Sonríe de su propia vergüenza y espera. Sembrar hijos en la tierra liberada.
Terminaron. Ella se viste. El otro me alumbra con la linterna.
Los soldados y la mujer se quedaron absortos ante el extraño amasijo de
trapos mugrientos, alimentos descompuestos y las carnes momificadas del Santón.
Evitaron la mirada ardiente y fija de Sharaya, testigo del breve placer que le
robaran a sus oscuras vidas perecederas. Bien poco quedaba al Santón de forma humana.
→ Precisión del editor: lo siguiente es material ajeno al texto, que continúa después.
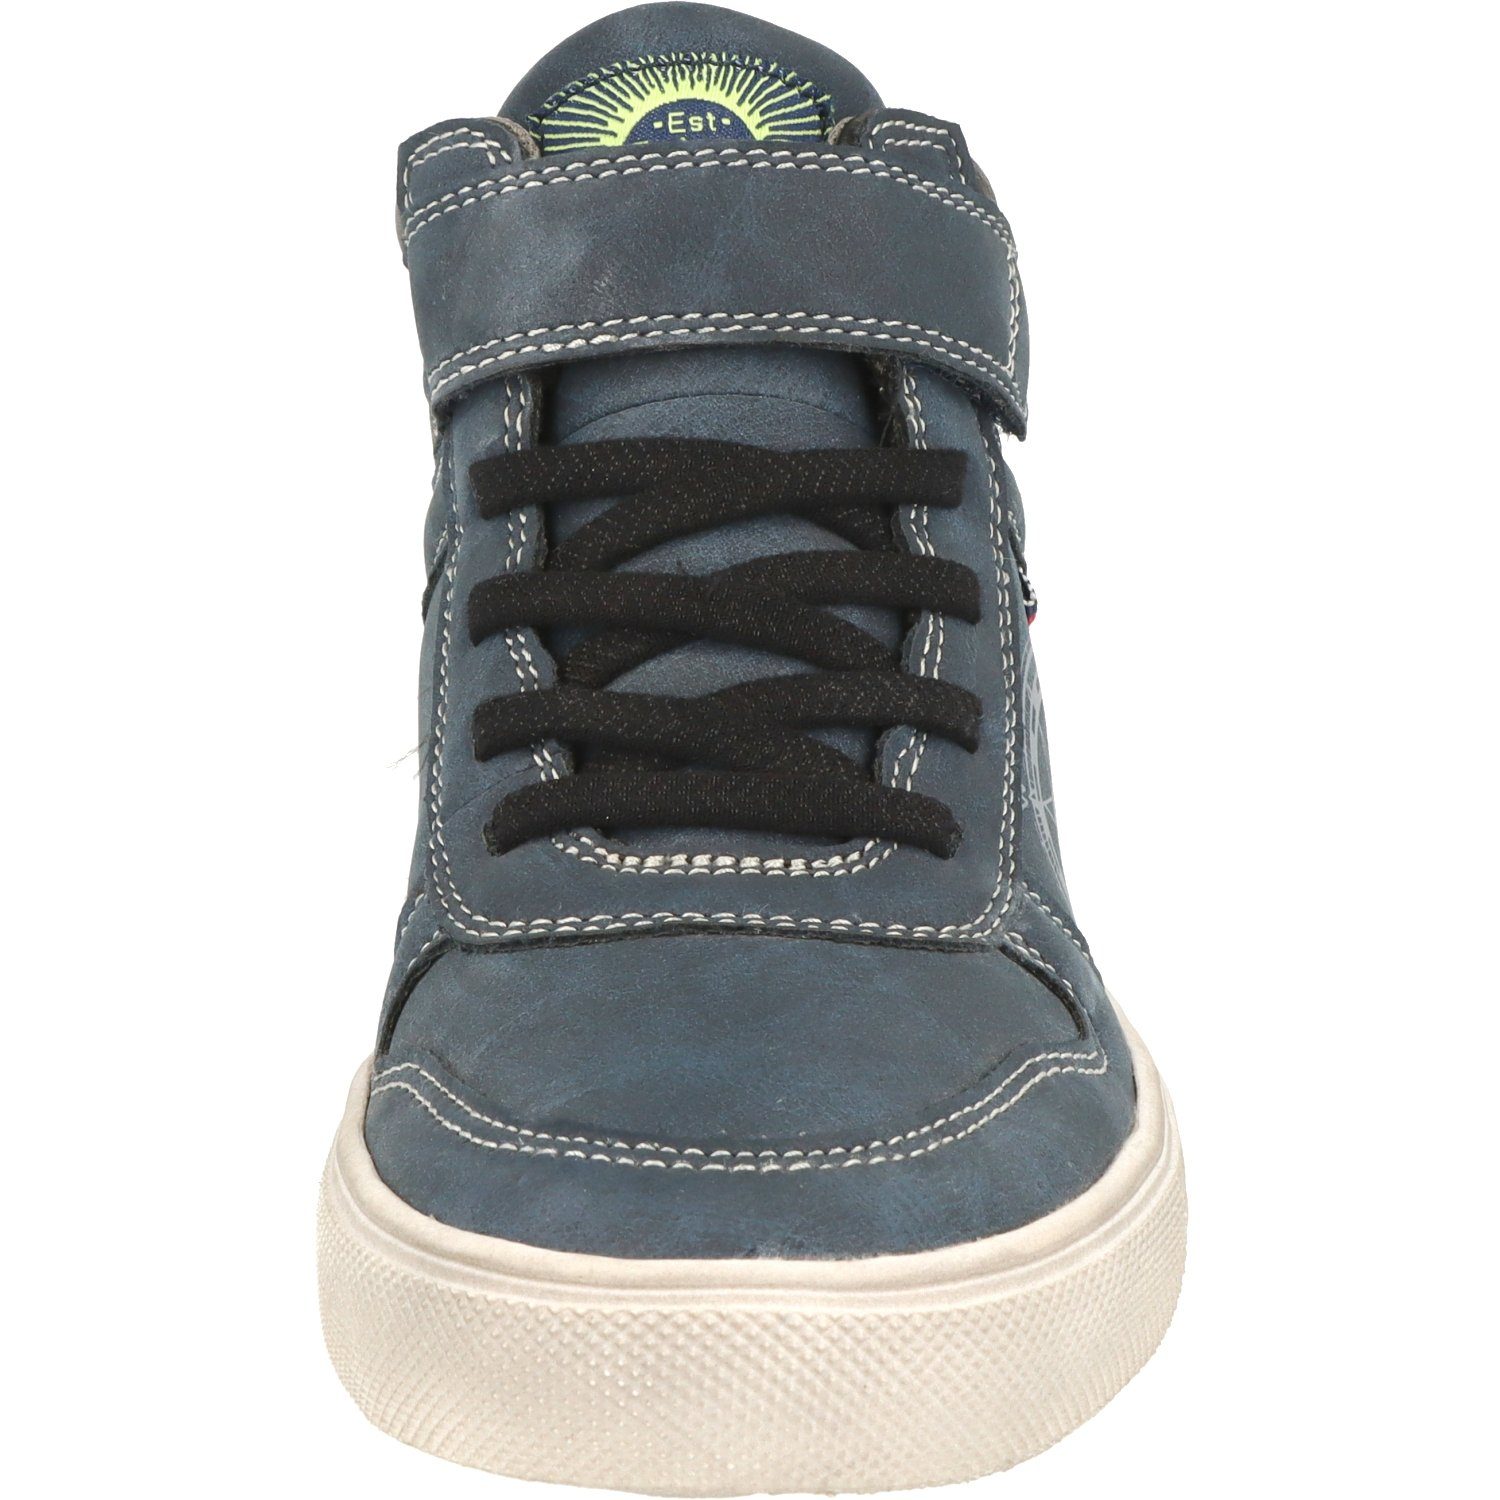 Schuhe Sneaker Jungen Hi-Top Navy Wasserabweisend Schnürschuhe 451-074 Indigo
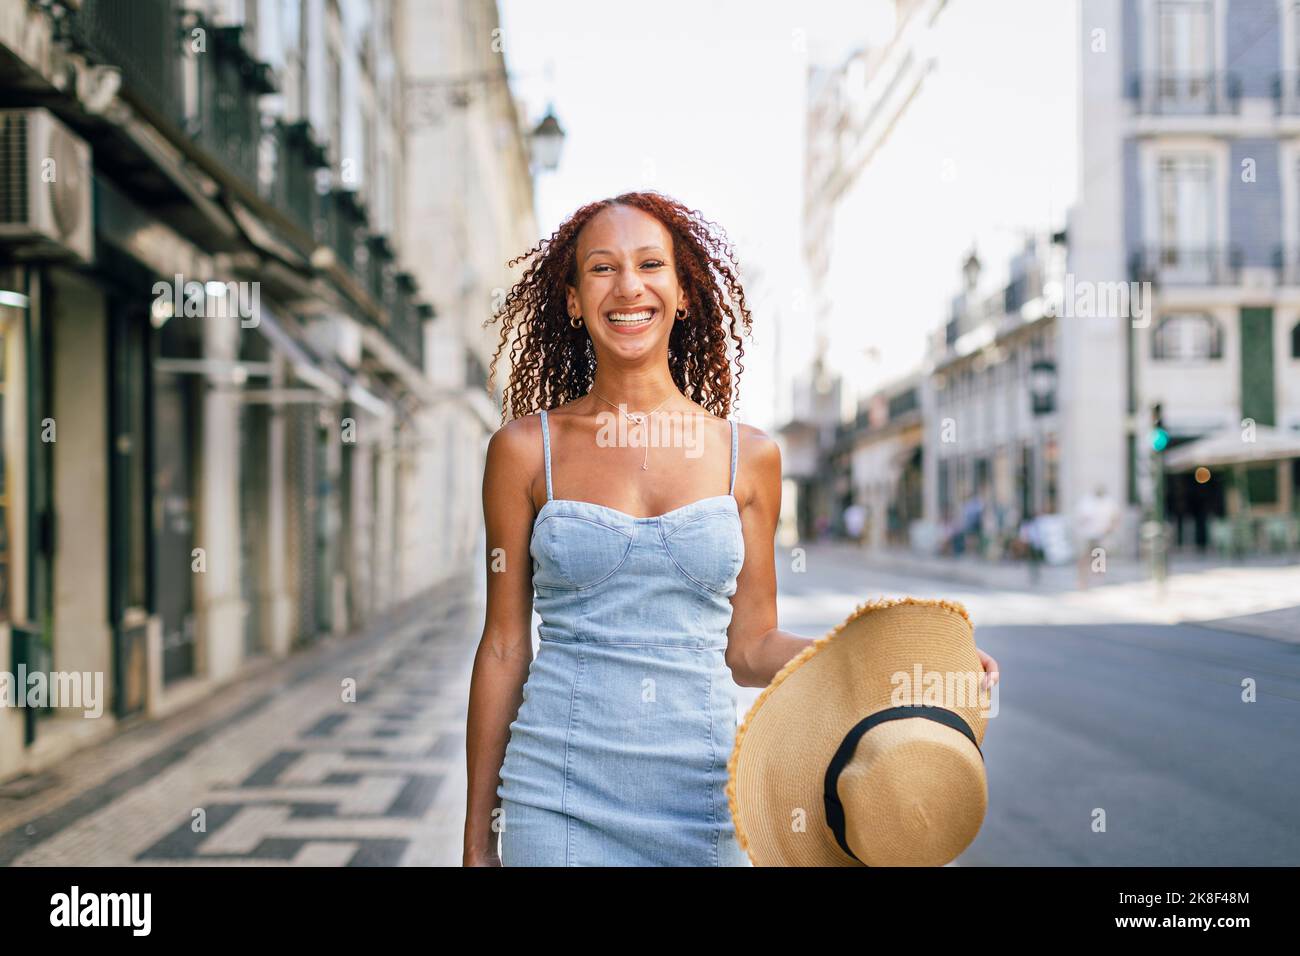 Glückliche junge Frau mit Hut am Fußpfad Stockfoto

La mujer fue la primera en apartar su vista de la hierática figura y comenzó de
nuevo a envolverse en sus ropas. Los dos soldados seguían intrigados y se
acercaron un poco más. Por fin, el que había esperado, reaccionó bruscamente.
«Parece un Santón -dijo-, pero no podemos dejarlo observando el paso de
nuestras fuerzas. Ya nos ha visto y ha contado sin duda nuestros camiones y
nuestros tanques. Además, nadie vendrá ya a consultarle y a venerarlo. Ha
terminado su dominio». El otro se alzó de hombros y, sin volver a mirar, tomó a
la mujer por el brazo y se alejó por la blanquecina huella del camino. Antes de
alcanzarlos, el que había hablado alzó su ametralladora y apuntó indiferente
hacia la ausente figura apergaminada, hacia los ausentes ojos fijos en el
perpetuo desastre del tiempo y soltó el seguro del arma.
En cada hoja que se mueve estaba
previsto mi tránsito. La escena misma, de tan familiar, me es ajena por entero.
Cuando el mochuelo termine su círculo en el alto cielo nocturno, ya se habrá
cumplido el deseo de las pobres potencias que nos unen, a él que me mata y a mí
que nazco de nuevo en el dintel del mundo que perece brevemente como la flor
que se desprende o la marea salina que se escapa incontenible dejando el sabor
ferruginoso de la vida en la boca que muere y corre por el piso indiferente del
pobre astro muerto viajero en la nada circular del vacío que arde impasible
para siempre, para siempre, para siempre.